### SOURCE DATA
- - - - - - -
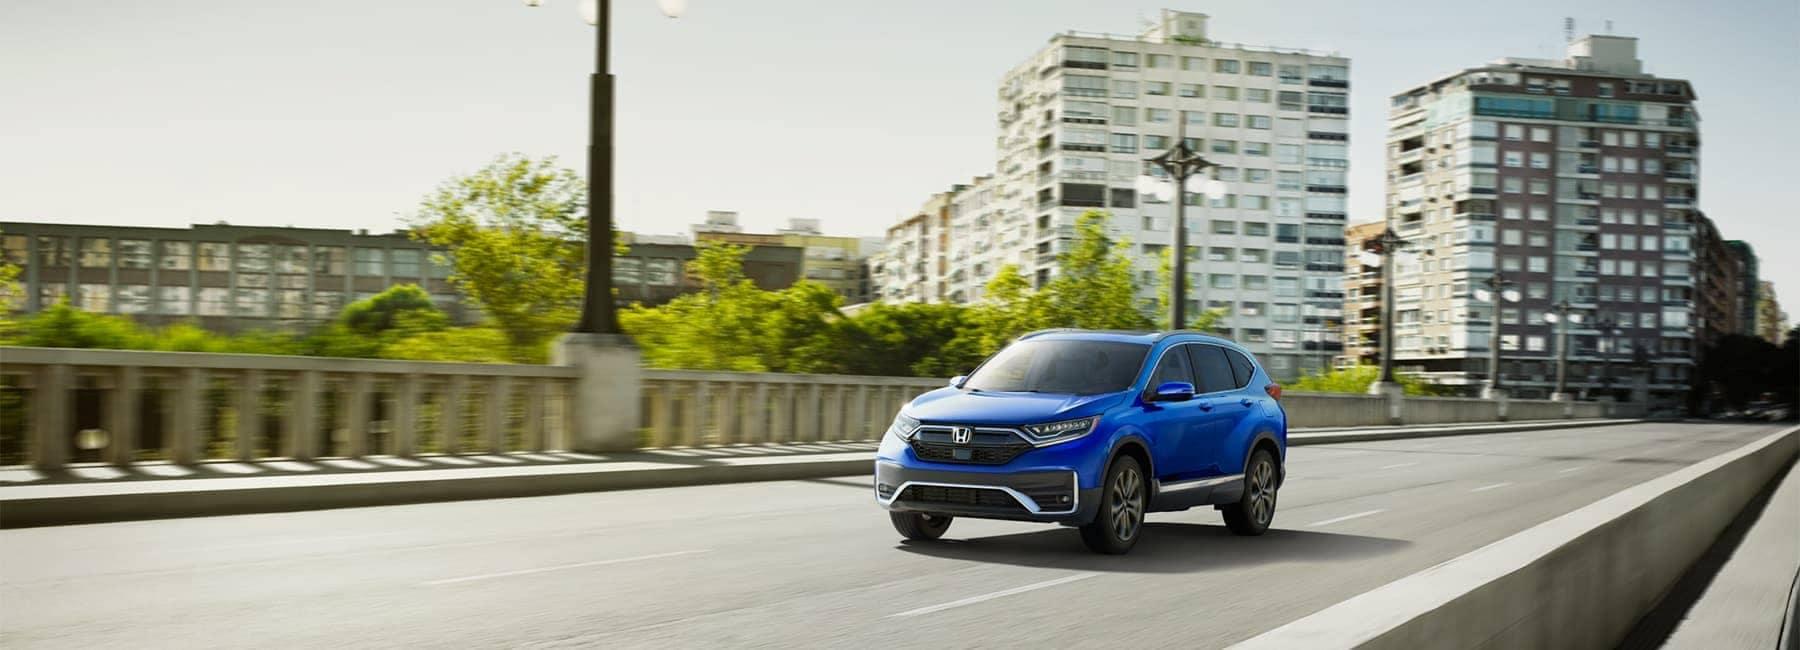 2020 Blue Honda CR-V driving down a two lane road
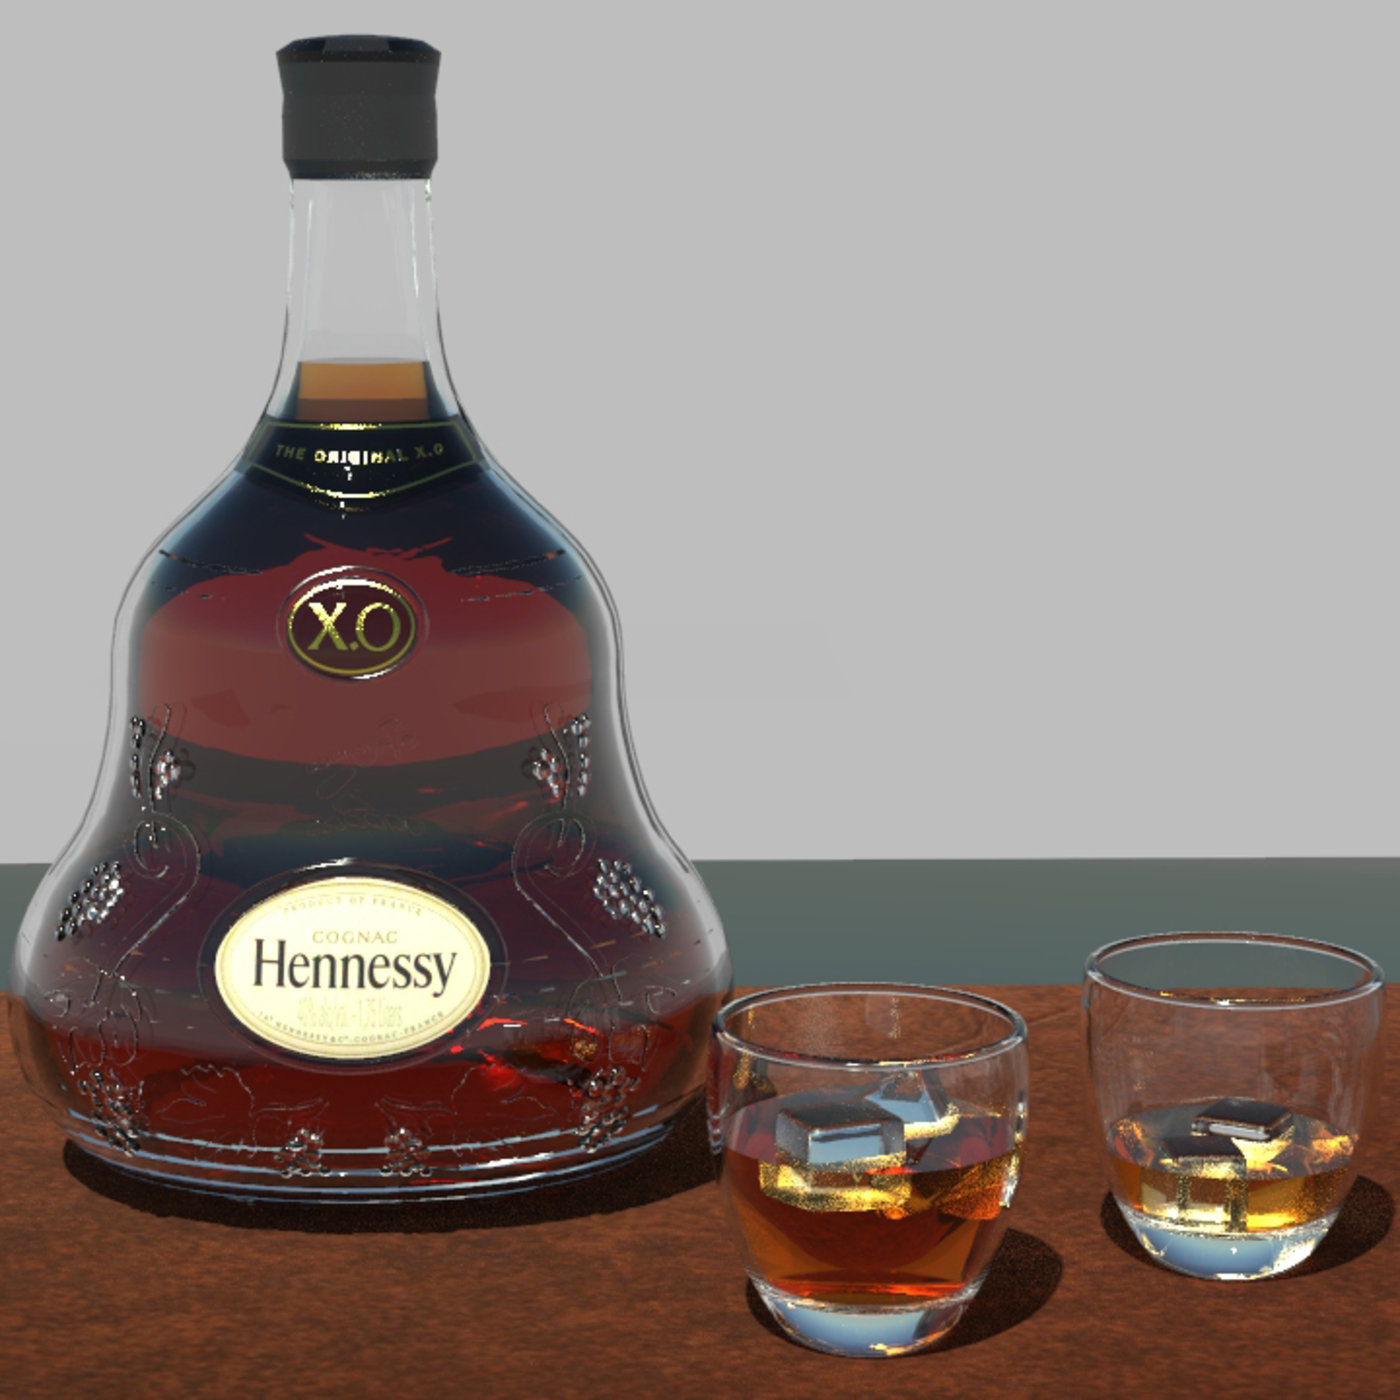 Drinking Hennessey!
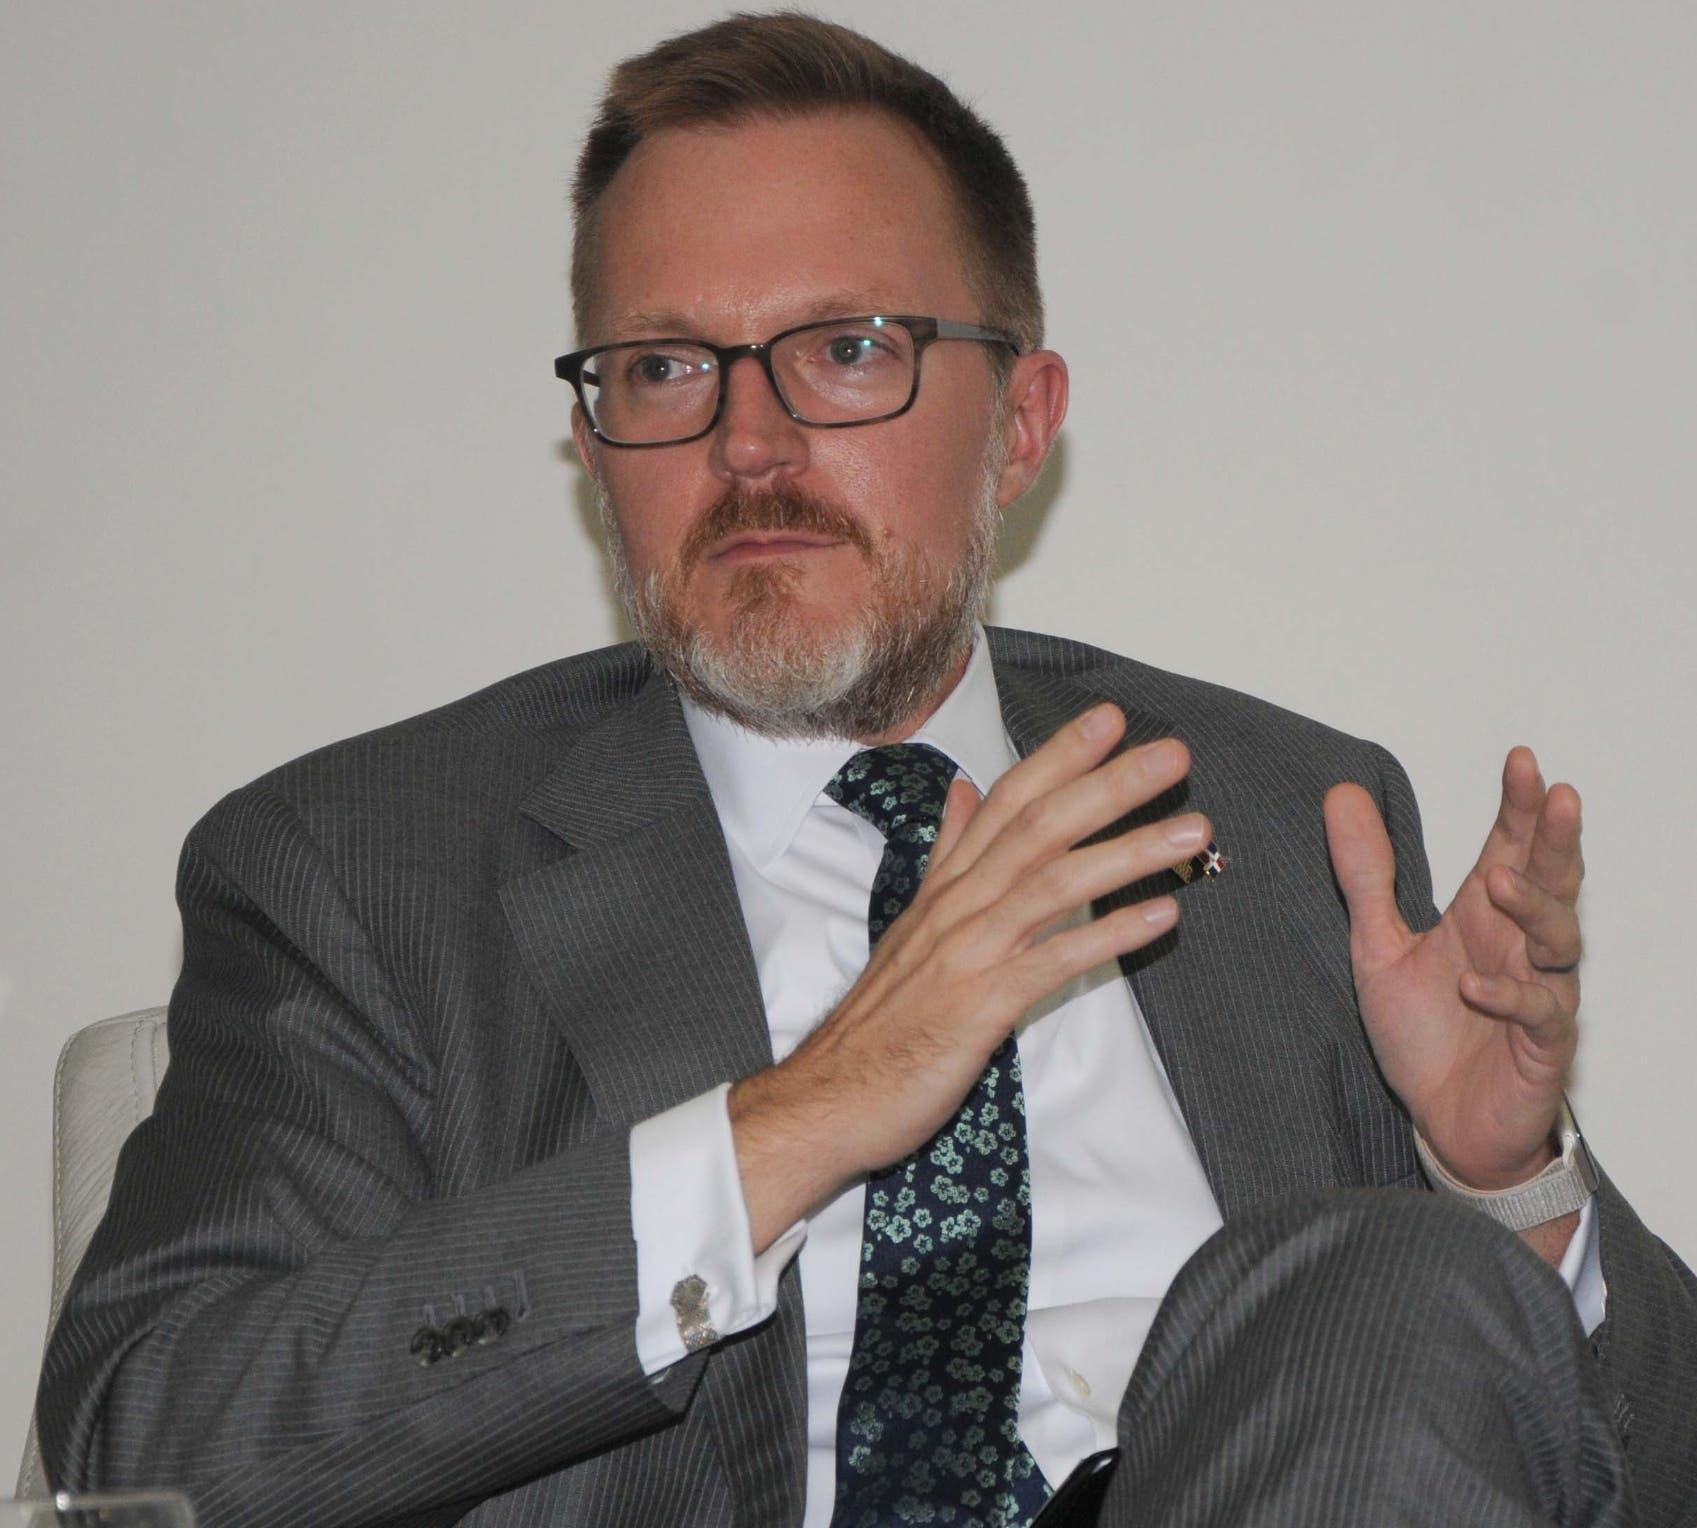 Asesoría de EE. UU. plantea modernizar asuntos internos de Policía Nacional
- - - - - - -
Here the job is to quote the lines from the one with "Drinking Hennessey!" through the end of the material, both included, exactly; please skip the pictures.

### OUTPUT
 Drinking Hennessey!
 Asesoría de EE. UU. plantea modernizar asuntos internos de Policía Nacional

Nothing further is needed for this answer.